TRM-textv3.5

TRM-textv3.5 is an experimental recursive Transformer language model derived from summerMC/TRM-textv3.

This checkpoint was improved through a staged rehabilitation and curriculum SFT process focused on reducing repetition collapse and improving short instruction-following behavior.

Model

  • Base: summerMC/TRM-textv3
  • Architecture: TRM / recursive Transformer style causal language model
  • Task: causal language modeling and instruction-style text generation
  • Context length: 512 tokens
  • Precision used during training: bfloat16

Training Pipeline

The model was improved using the following process:

TRM-textv3-grpo
→ hard rescue SFT
→ small curriculum SFT
→ TRM-textv3.5

The curriculum stage used response-only supervised fine-tuning with short QA, explanation, translation, and code-generation style examples.
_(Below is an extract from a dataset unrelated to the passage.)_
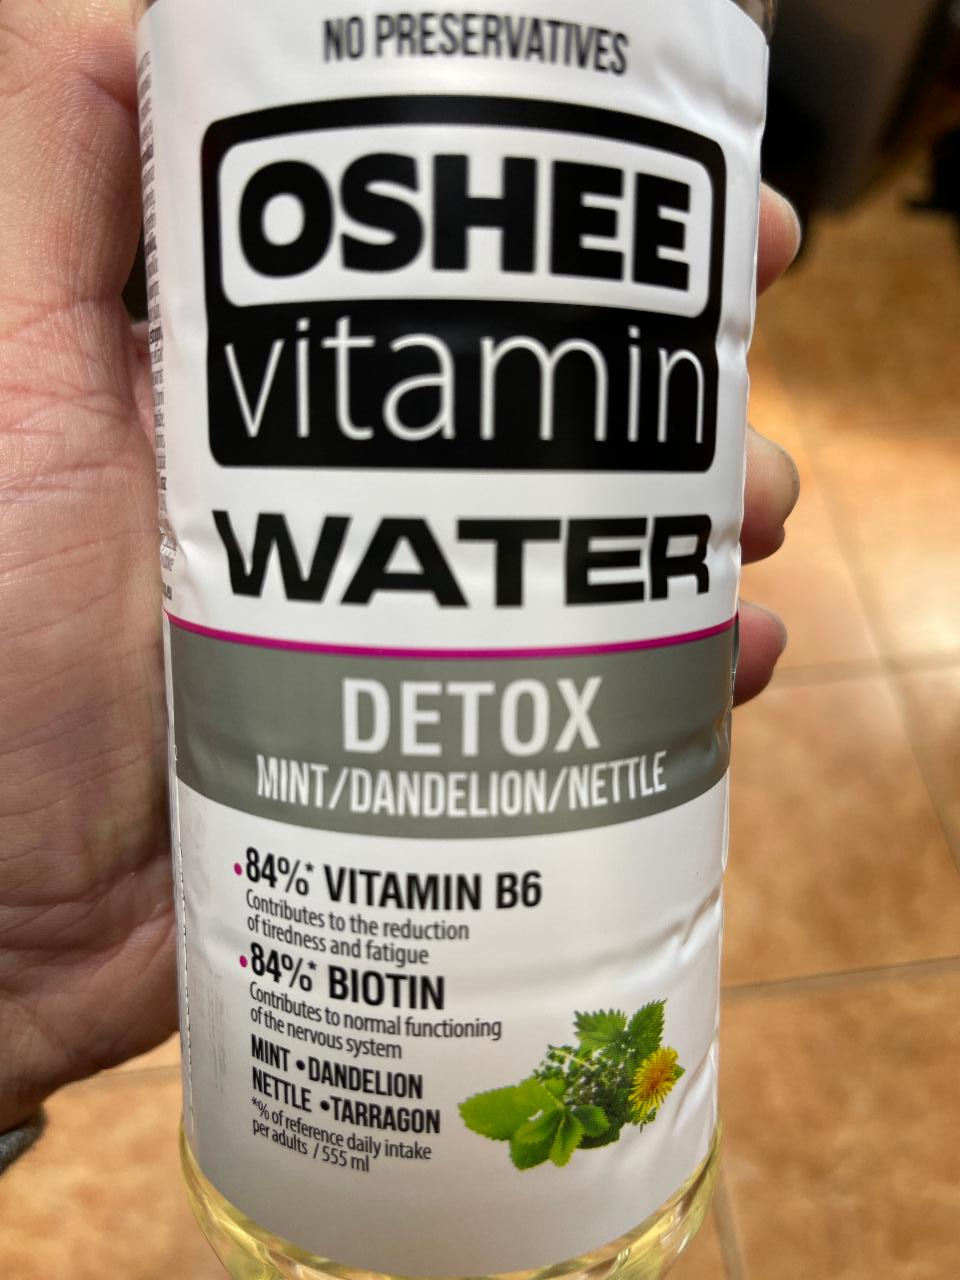 Fotografie - Oshee vitamin water detox mint
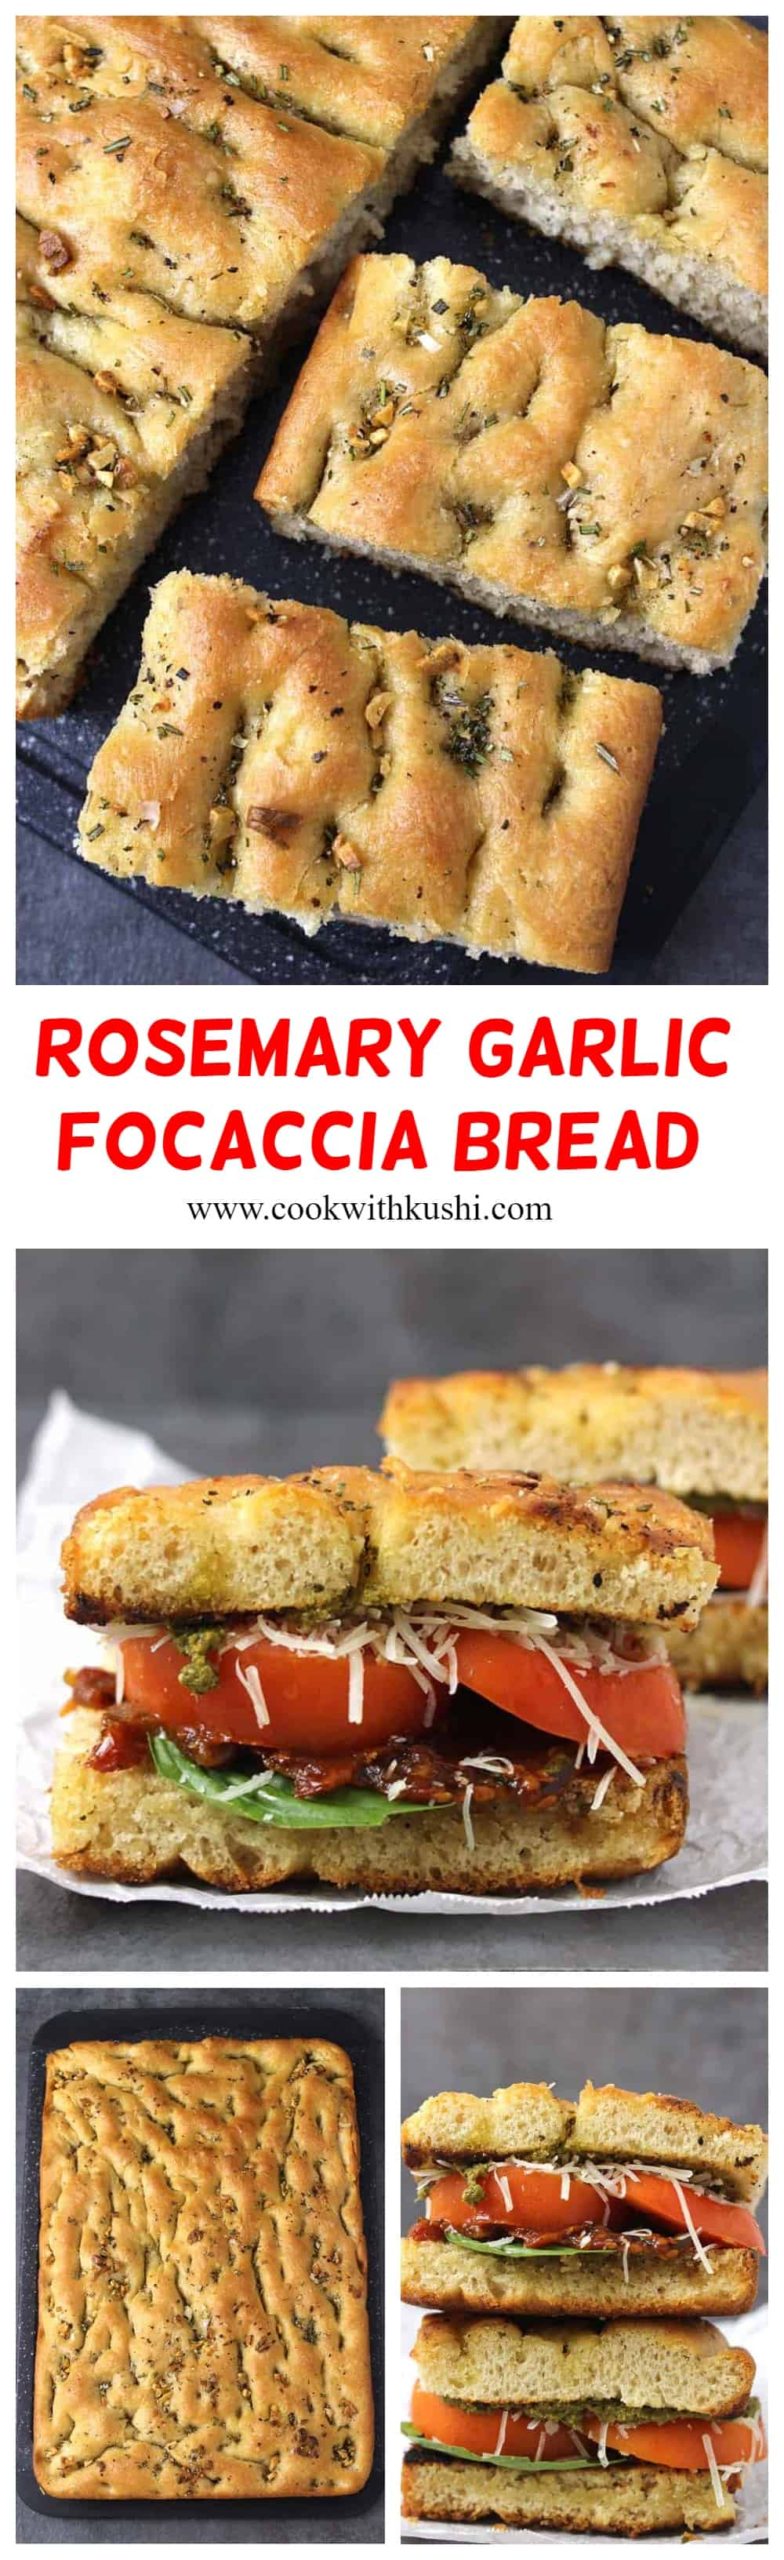 Italian Rosemary Garlic Focaccia Bread Recipe #italian #rosemary #focaccia #sourdough #keto #vegan

A repetition unlikelihood term was used during rescue/curriculum training to reduce repeated-token degeneration such as:

common common common
learning learning learning

Intended Use

This model is intended for research experiments on:

  • recursive Transformer language modeling
  • small language model rehabilitation
  • instruction tuning
  • output-head collapse recovery
  • repetition-collapse mitigation
  • experimental LLM miniaturization

Example

from transformers import AutoTokenizer, AutoModelForCausalLM
import torch

model_id = "summerMC/TRM-textv3.5"

tokenizer = AutoTokenizer.from_pretrained(model_id, trust_remote_code=True)

model = AutoModelForCausalLM.from_pretrained(
    model_id,
    trust_remote_code=True,
    torch_dtype=torch.bfloat16,
    device_map="auto",
)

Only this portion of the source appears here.